Another approach which provides higher amounts of fast cache is to use advanced packaging to stack the memory on the chip.
Other types of memories, such as flash or hard drive magnetic storage have latencies of microseconds to milliseconds but can store many TiB of data.
The traditional cache hierarchy described above works well for typical general-purpose architectures but fails in specialized tasks which do not follow the assumptions of spatial and temporal locality. One example of this is bulk matrix multiplication, which is the central component of neural network training and inference. Here, the hierarchical set of small, non-uniform memories offered by the traditional cache system inefficiently captures the large, homogenous set of weights and intermediate results used in matrix multiplication. Advanced packaging, like the 3D cache architecture described above, can provide order-of-magnitude increases in cache size, but the size and thermal restrictions imposed by the die and package restricts the total amount of memory. Alternative architectures, like large homogenous “scratch pads” with low latency would be very beneficial—but cannot easily be implemented in hardware.

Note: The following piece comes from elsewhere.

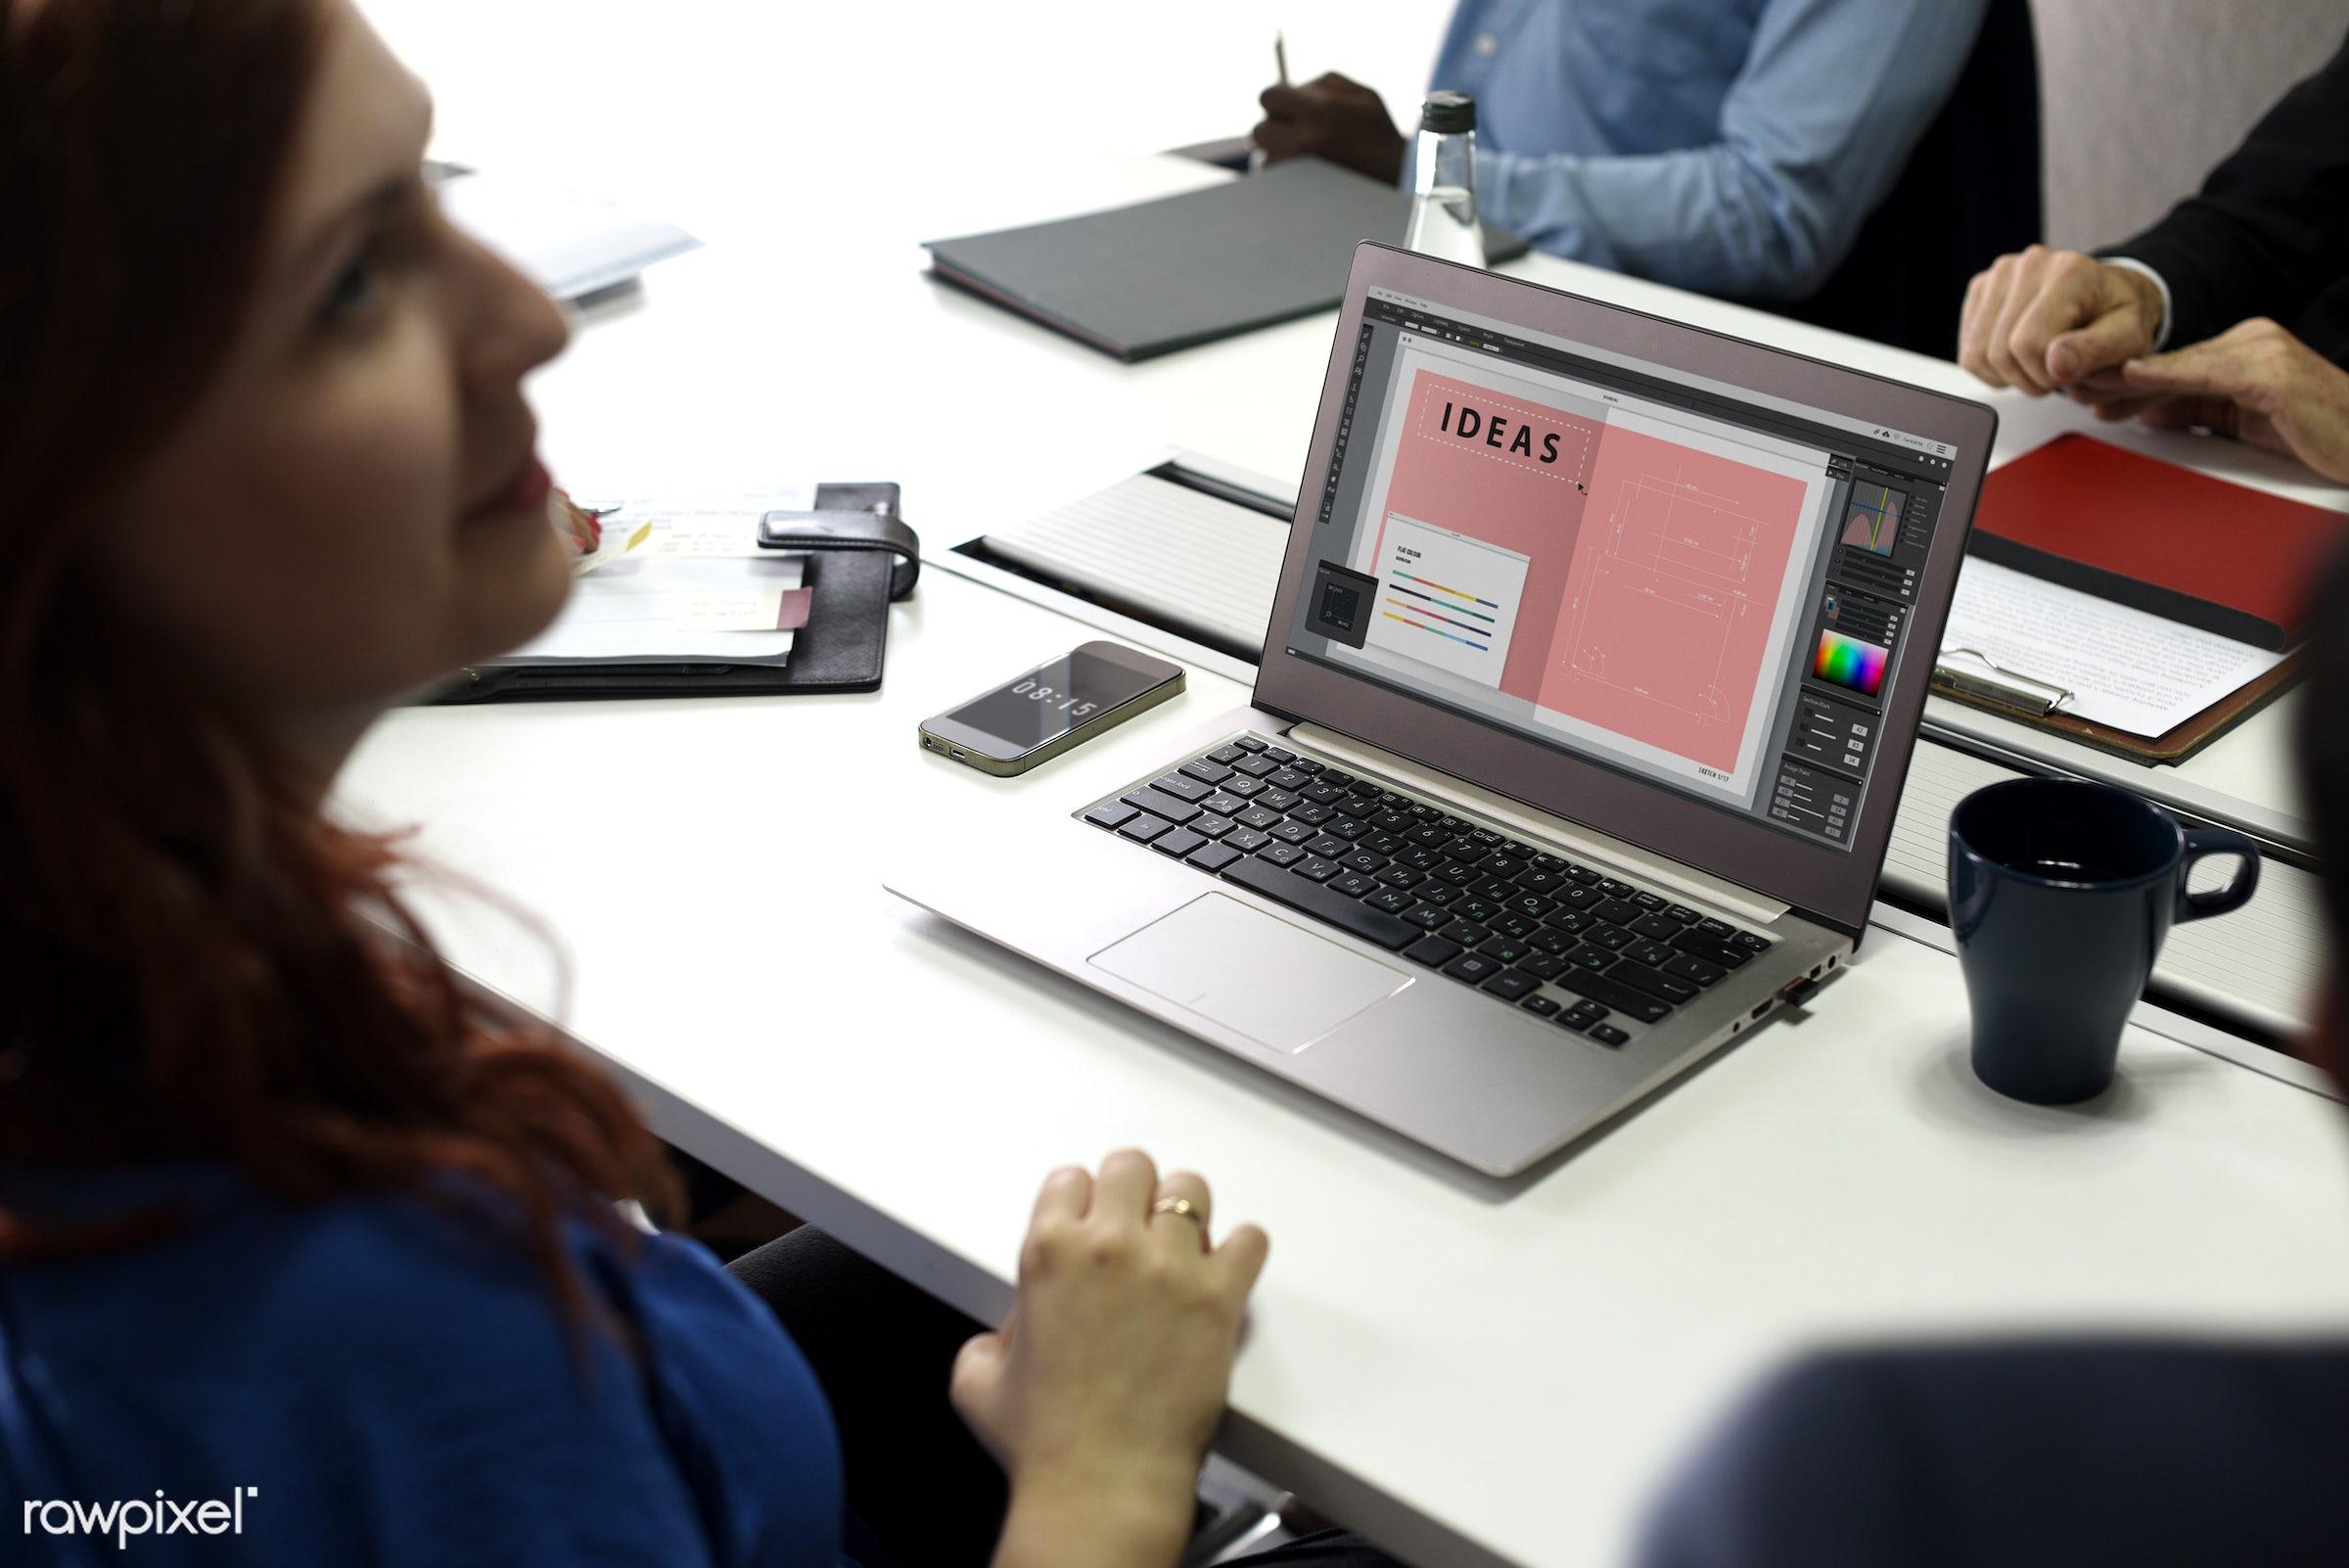 People using computer laptop - brainstorm, casual, cc0, colleagues, communication, creative, creative common 0, creative...
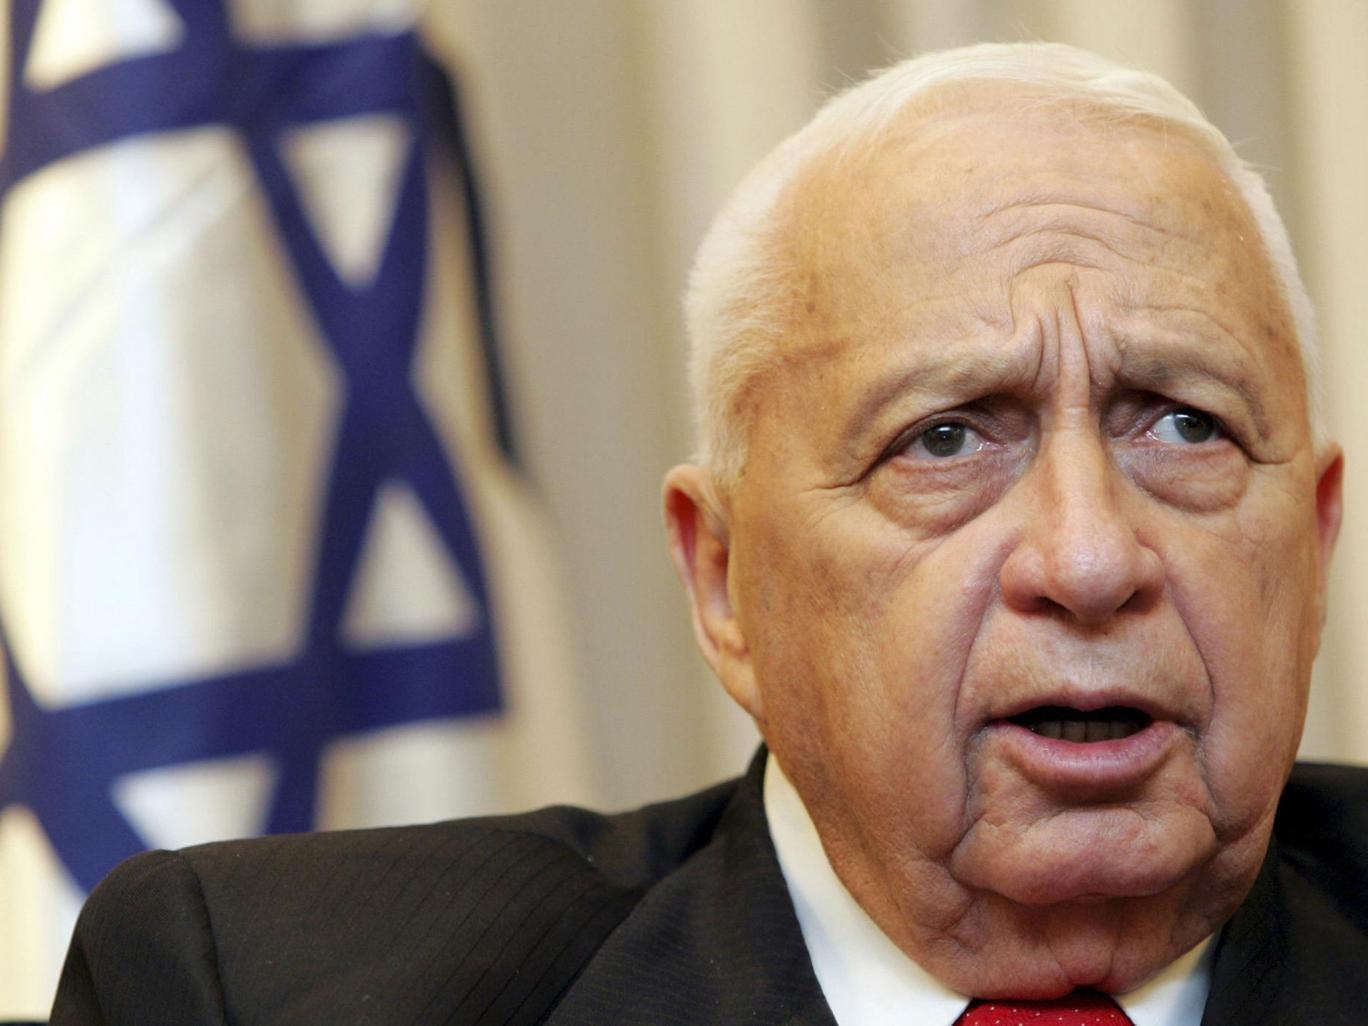 Former Israeli prime minister Ariel Sharon pictured in 2005

Some embodiments provide a means of connecting a processor to memory that provides:
In some embodiments the interconnect allows for large amounts of low-latency, low-density memory to be connected to a single processor, allowing for very large caches, and effectively flattening the memory hierarchy.
Some embodiments provide a system including a memory optical interconnect, comprising: a processor chip including logic for interfacing with memory; a first array of microLEDs on the processor chip; a first array of photodetectors on the processor chip; a plurality of memory chips; and a fiber bundle including a plurality of sub-bundles of fibers, with the fibers of some of the sub-bundles optically coupled to the first array of microLEDs and fibers of others of the sub-bundles optically coupled to the first array of photodetectors, and with fibers of different ones of the sub-bundles optically coupling different ones of the memory chips and the processor chip. In some embodiments the memory chips comprise static random-access memory (SRAM) chips. In some embodiments the processor chip is mounted to a substrate, with the fiber bundle routed through an aperture in the substrate. In some embodiments the first array of microLEDs and the first array of photodetectors are on an active surface of the processor chip. In some embodiments a heatsink and cooling fins are coupled to an inactive surface of the processor chip. In some embodiments fibers of two different sub-bundles optically couple each memory chip and the processor chip. In some embodiments a first of the two different sub-bundles provides for communication in a first transmit/receive direction and a second of the two different sub-bundles provides for communication in a second transmit/receive direction. In some embodiments the processor chip and the memory chips are on different substrates.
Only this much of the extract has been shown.